* HOW TO COMPLETE THIS TASK *
Each line below from the line with "walnuts in a basket Stock Photo" to the line with "Assessment report infographic" must be copied exactly, including those two, and no picture may appear in the copy.

* TASK DATA *
[Start of Attachment]

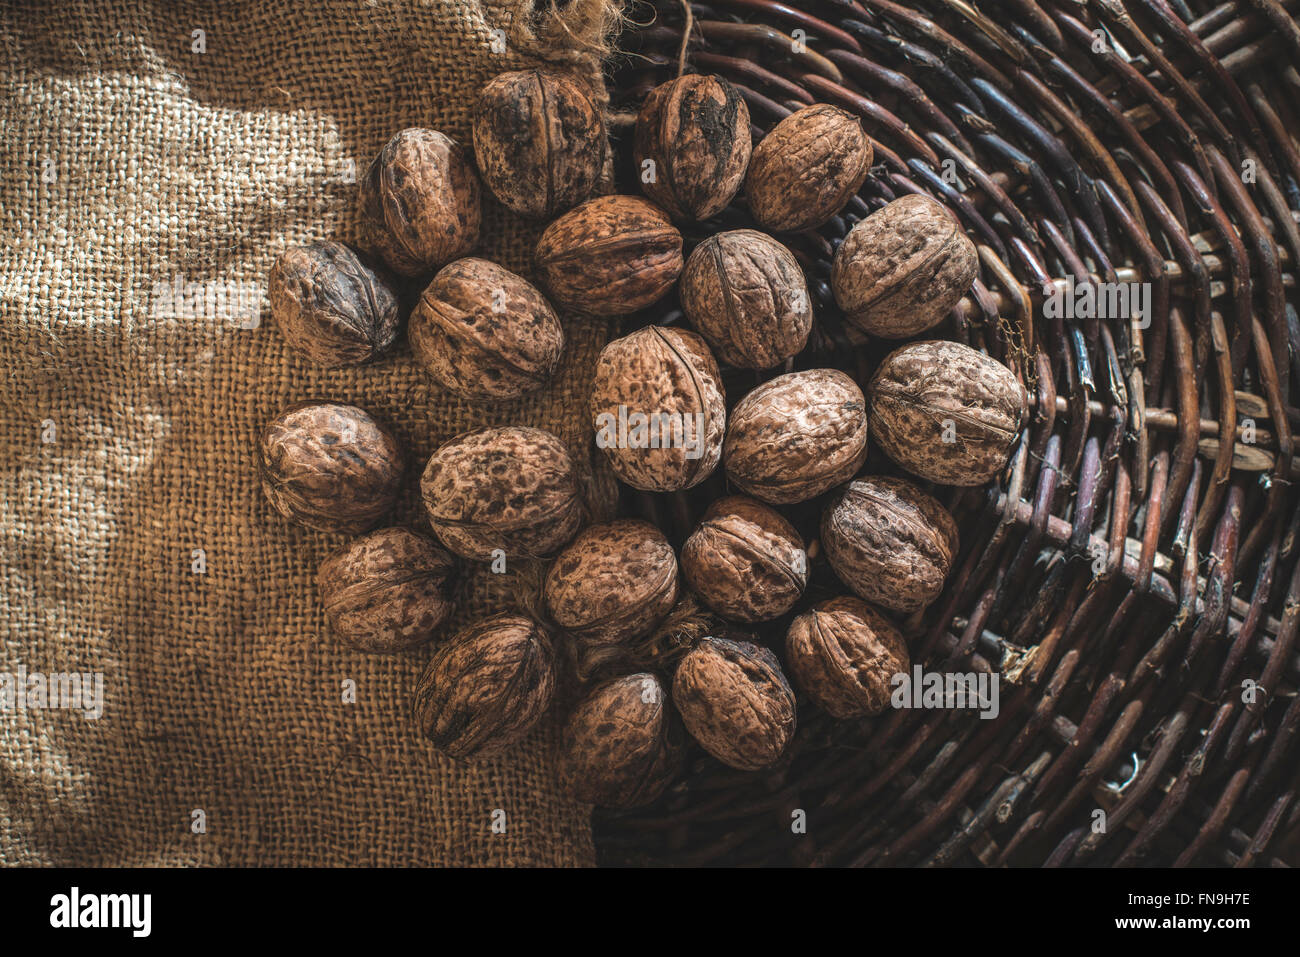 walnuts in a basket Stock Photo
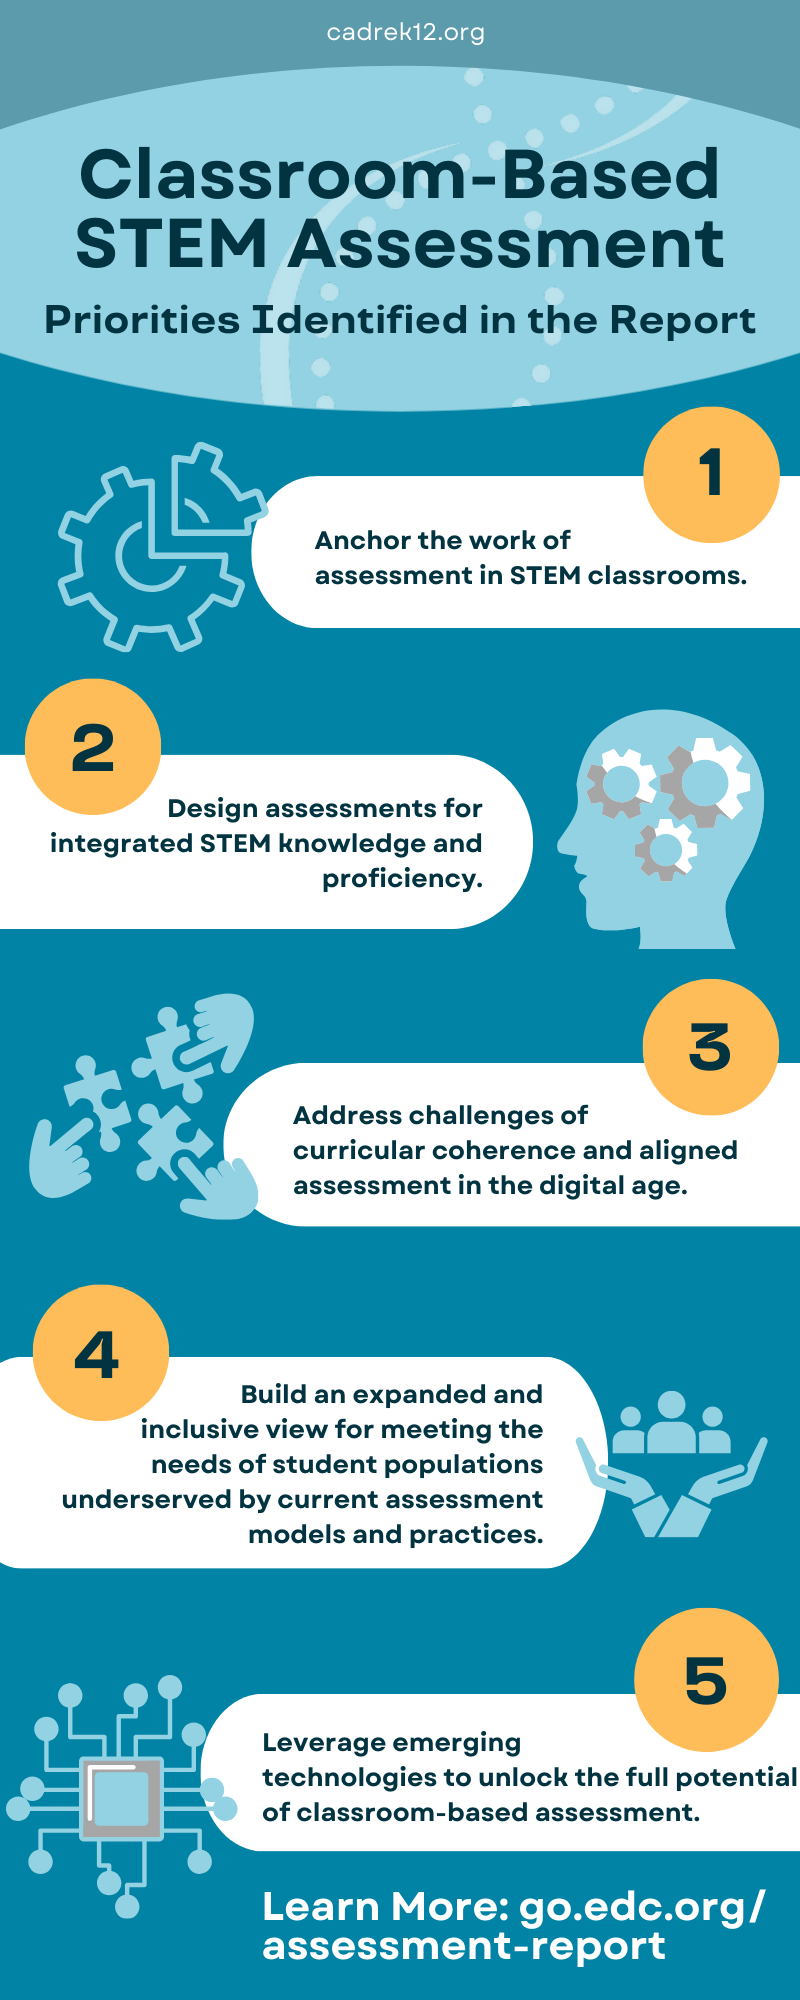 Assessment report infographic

[End of Attachment]
[Start of Attachment]

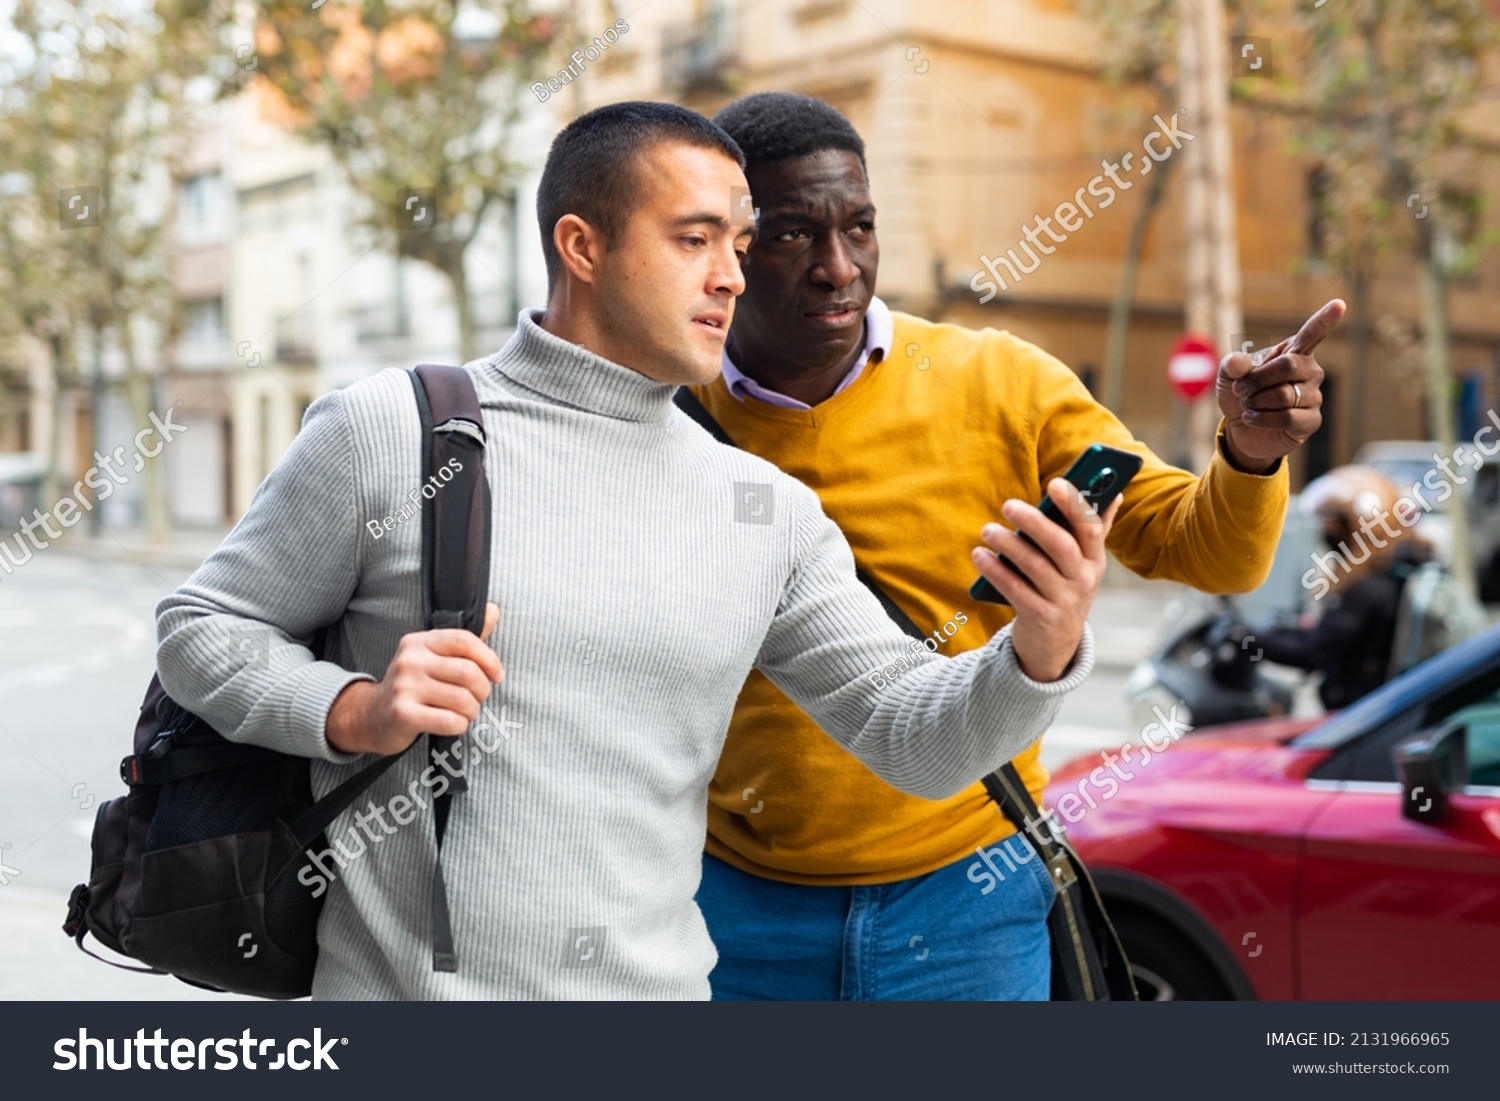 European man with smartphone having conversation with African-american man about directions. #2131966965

[End of Attachment]

* RESPONSE *
 walnuts in a basket Stock Photo
 Assessment report infographic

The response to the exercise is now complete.